2014 Bianchi > Look here...https://picasaweb.google.com/display.swacchi/2014Bianchi?noredirect=1


----------



## efaucette (Jul 18, 2012)

Great pics. Thanks for posting.


----------



## Oxy (Jul 2, 2012)

Awesome pics!
Infintio CV - 1.2 million yen, just over $12,000, that's now out of my league. Are they discontinuing the Infinito and Vertigo?


----------



## desertred (Jun 20, 2011)

Ooohh. The Sempre Pro in back/celeste looks like a worthy successor to my '05 Giro.


----------



## Tantivious Todd (Feb 13, 2012)

Oxy said:


> Awesome pics!
> Infintio CV - 1.2 million yen, just over $12,000, that's now out of my league. Are they discontinuing the Infinito and Vertigo?

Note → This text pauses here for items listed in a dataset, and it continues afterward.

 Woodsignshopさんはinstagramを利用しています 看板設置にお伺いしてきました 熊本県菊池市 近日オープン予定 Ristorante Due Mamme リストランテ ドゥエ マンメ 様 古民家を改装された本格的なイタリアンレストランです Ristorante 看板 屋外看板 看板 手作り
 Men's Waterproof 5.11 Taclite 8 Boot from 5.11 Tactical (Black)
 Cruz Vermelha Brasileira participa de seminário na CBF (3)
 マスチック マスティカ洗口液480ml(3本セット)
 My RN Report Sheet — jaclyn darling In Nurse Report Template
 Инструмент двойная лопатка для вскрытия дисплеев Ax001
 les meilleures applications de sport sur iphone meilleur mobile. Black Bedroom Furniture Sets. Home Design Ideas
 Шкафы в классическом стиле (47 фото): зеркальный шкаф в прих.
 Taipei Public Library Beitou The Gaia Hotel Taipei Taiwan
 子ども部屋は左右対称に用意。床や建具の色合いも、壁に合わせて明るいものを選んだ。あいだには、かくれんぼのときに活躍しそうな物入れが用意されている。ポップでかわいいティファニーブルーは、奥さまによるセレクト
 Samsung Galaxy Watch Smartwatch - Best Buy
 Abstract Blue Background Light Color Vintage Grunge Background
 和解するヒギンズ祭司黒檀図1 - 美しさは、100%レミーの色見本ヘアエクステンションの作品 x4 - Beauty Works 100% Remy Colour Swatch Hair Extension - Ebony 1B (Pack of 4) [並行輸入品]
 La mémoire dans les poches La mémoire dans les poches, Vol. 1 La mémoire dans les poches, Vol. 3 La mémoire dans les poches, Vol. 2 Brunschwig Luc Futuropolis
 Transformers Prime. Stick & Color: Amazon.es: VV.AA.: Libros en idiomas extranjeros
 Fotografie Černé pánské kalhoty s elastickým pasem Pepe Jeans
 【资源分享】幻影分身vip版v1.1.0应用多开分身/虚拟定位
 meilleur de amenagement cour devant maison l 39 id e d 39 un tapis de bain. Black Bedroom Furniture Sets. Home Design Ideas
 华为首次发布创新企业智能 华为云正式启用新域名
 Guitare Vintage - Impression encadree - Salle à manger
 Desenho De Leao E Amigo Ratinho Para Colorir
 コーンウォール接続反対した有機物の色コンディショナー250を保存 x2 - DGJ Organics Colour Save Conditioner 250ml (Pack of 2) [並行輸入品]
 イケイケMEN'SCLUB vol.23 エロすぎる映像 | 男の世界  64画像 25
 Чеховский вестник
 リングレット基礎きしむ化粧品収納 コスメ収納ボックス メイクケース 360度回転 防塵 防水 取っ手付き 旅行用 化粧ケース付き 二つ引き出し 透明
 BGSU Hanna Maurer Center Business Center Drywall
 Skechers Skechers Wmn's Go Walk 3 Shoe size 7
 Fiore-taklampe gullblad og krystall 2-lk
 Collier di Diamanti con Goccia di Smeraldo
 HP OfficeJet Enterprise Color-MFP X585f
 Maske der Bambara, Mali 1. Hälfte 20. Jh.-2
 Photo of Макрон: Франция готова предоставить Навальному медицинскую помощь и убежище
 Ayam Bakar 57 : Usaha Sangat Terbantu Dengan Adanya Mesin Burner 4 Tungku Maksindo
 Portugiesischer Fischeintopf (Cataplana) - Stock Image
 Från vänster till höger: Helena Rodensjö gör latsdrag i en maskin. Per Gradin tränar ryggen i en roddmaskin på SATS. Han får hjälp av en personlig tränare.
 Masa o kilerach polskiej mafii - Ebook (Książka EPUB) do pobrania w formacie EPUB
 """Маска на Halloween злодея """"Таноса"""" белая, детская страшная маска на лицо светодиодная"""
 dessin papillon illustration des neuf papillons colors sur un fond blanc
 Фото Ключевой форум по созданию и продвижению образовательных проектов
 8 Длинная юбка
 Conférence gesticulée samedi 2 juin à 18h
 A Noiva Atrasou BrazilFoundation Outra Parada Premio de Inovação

Keep in mind that price includes the most expensive component group on Earth, and Red Wind XLR wheels. The price of the Ifinito will be a little more than last year's model, however, which is where the new Intenso is expected to fit into the lineup. I, too, noticed the absence of the Vertigo, but the Intenso may be replacing it as well, as the pricing here is pretty much identical to the Vertigo sitting in my LBS right now.


----------